Walter Armbrust

  • Fellowship Dates 2011-2011
  • Research Topic A History of New Media in Egypt, 1919-75
  • Fellow or Grant Type National Endowment for the Humanities
  • Affiliation Post-doctoral candidate St. Anthony's College, Oxford University

In Egypt, a variety of new media were introduced between the consolidation of printing in around 1919 and the introduction of the “small medium” of the audiocassette in the mid-1970s. This was the era of “big media,” characterized by institutional centralization and broad dissemination. Cinema, radio and television emerged along with the achievement of critical mass in printing. This research focuses initially on institutional histories of these media, then examines their cultural effects in four ways:

  1. The effects of colonialism
  2. Articulations with language standardization practices
  3. The relation between media and religious discourse
  4. The distribution of information, education and entertainment

The Middle East experienced waves of new media since the late 19th century, as audiovisual media were instituted on a mass scale – sound recording from 1904, radio broadcasting from the mid-1920s, cinema from 1930 and television from 1960. This research addresses the basic history of “big media” in Egypt, focusing on the press, radio, cinema and television.
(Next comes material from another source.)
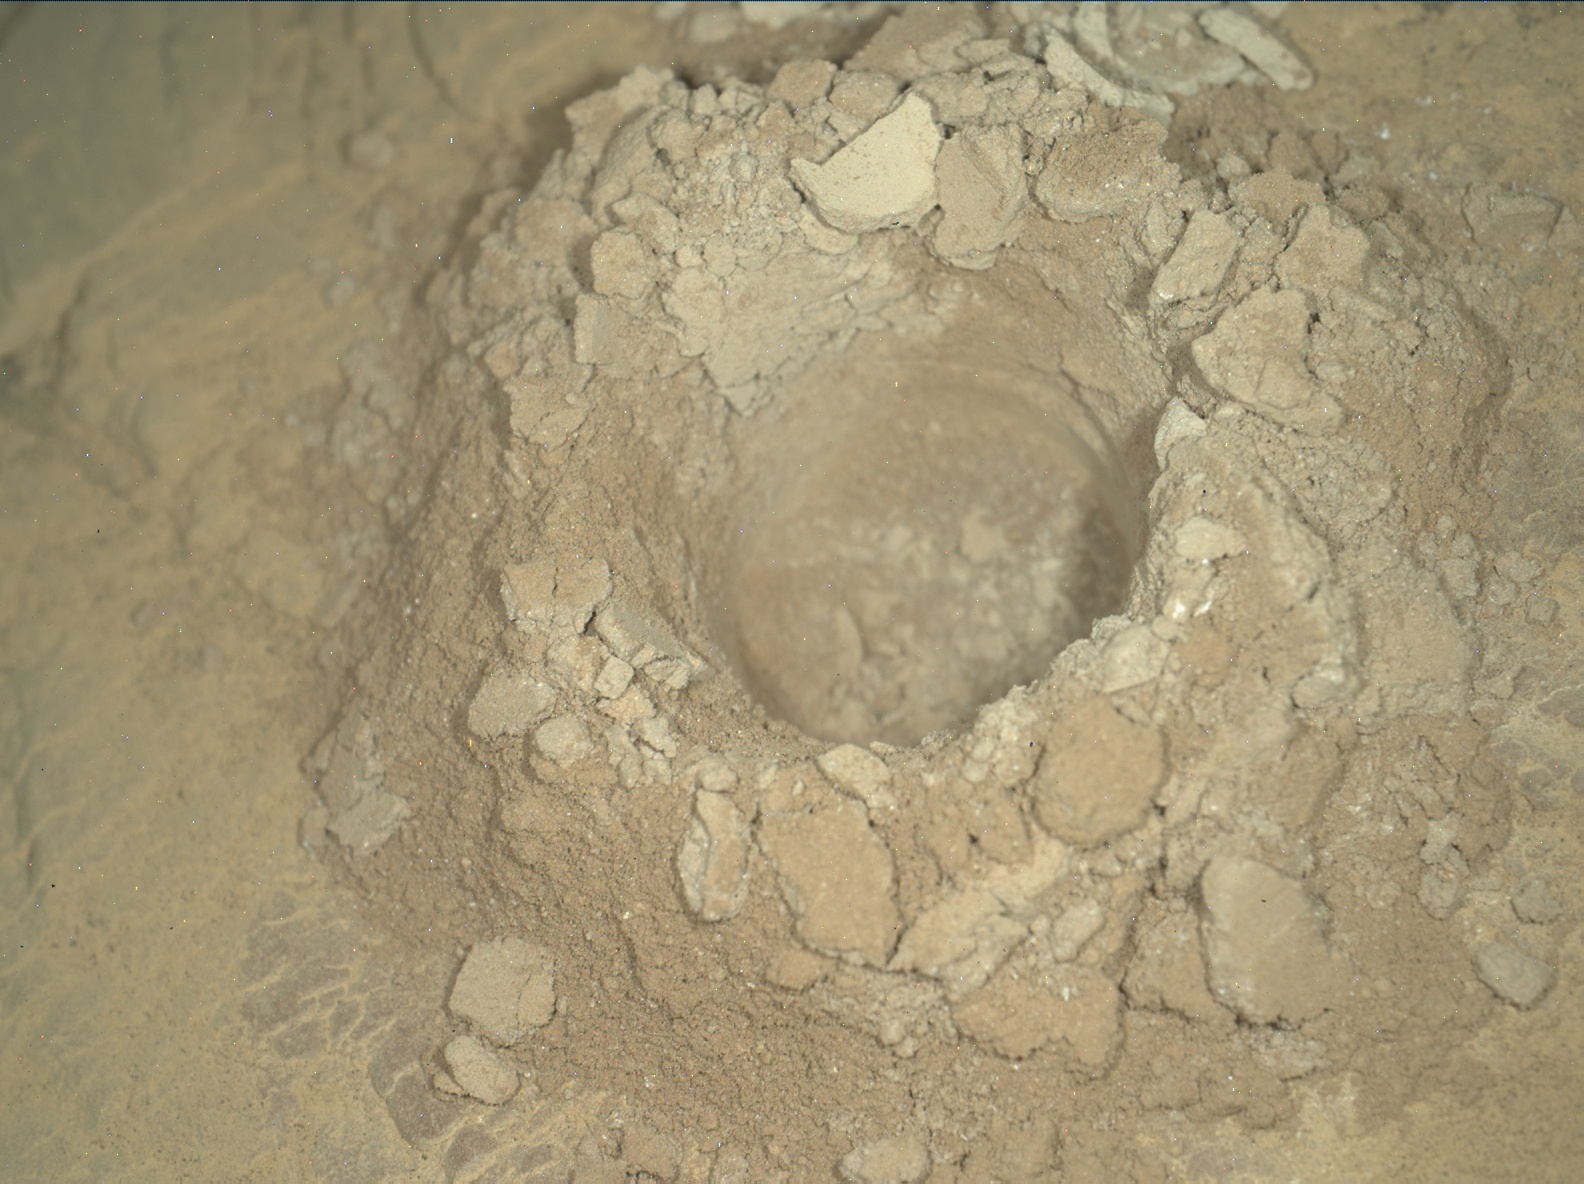 Nasa's Mars rover Curiosity acquired this image using its Mars Hand Lens Imager (MAHLI) on Sol 2551
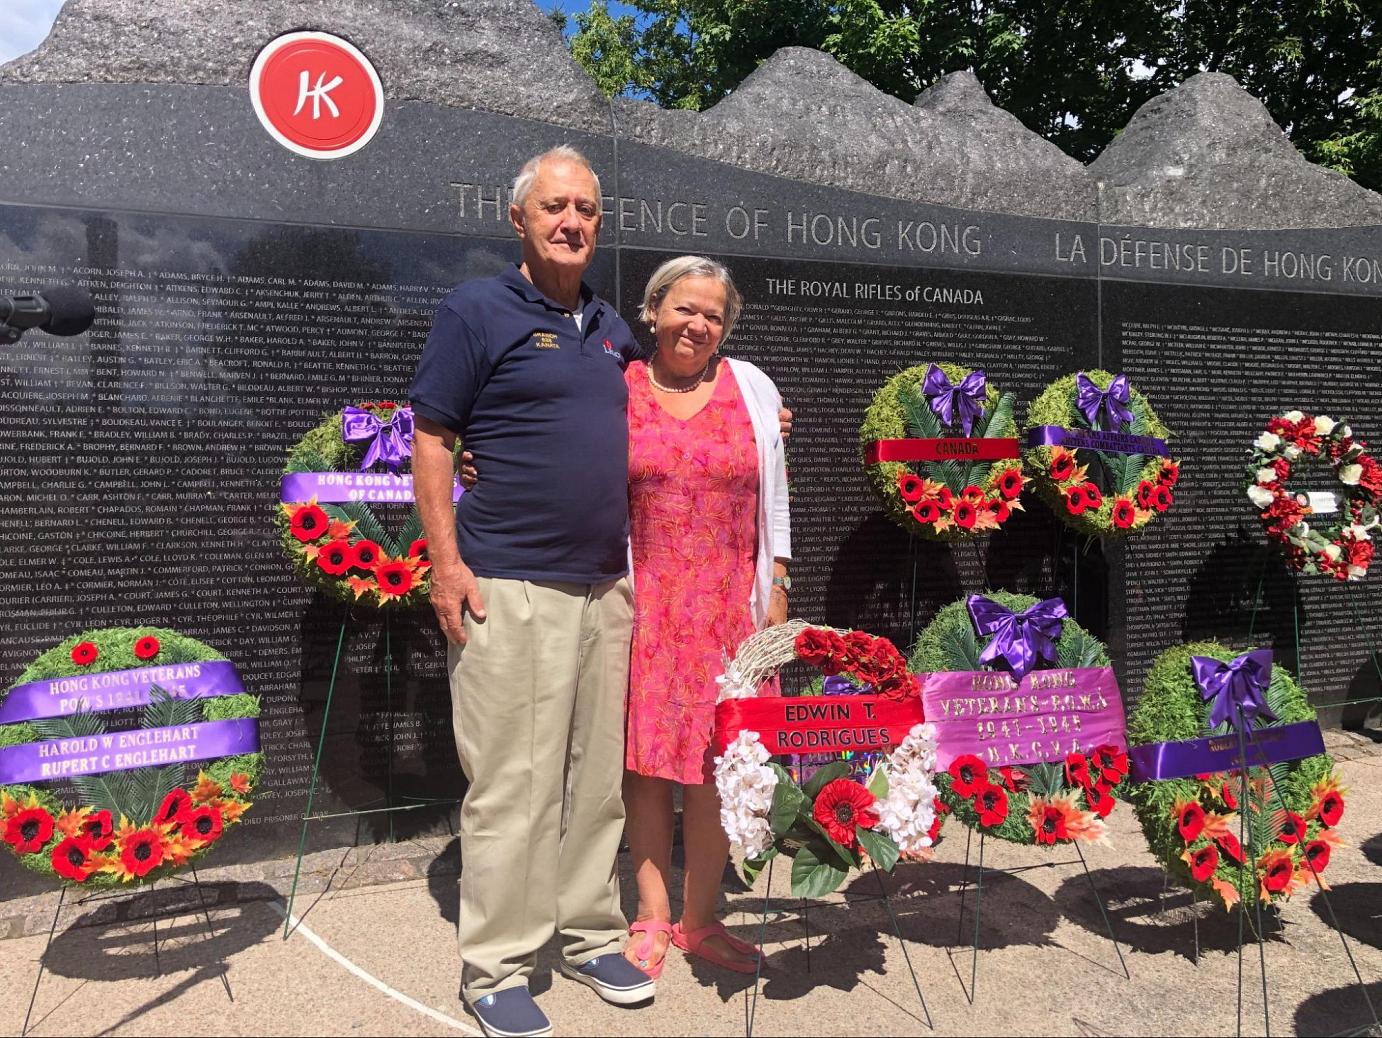 Maureen Rodrigues and her partner Gary Pitts at the Memorial Wall

It discusses institutions, political and legal frameworks and key individuals and examines the cultural effects of media as powerfully constitutive of modern subjectivity. The research resonates with broader currents in Middle Eastern studies, social sciences and humanities literature and examines both how colonialism affected the adoption of mass media and how mass media articulates debates over language in the context of modern imperatives to rationalize. It examines the relationship between media and religious discourse and considers how information, education and entertainment were distributed in the Egyptian media. Textual interpretation of printed, recorded and oral sources constitutes the primary research methodology, augmented by oral histories.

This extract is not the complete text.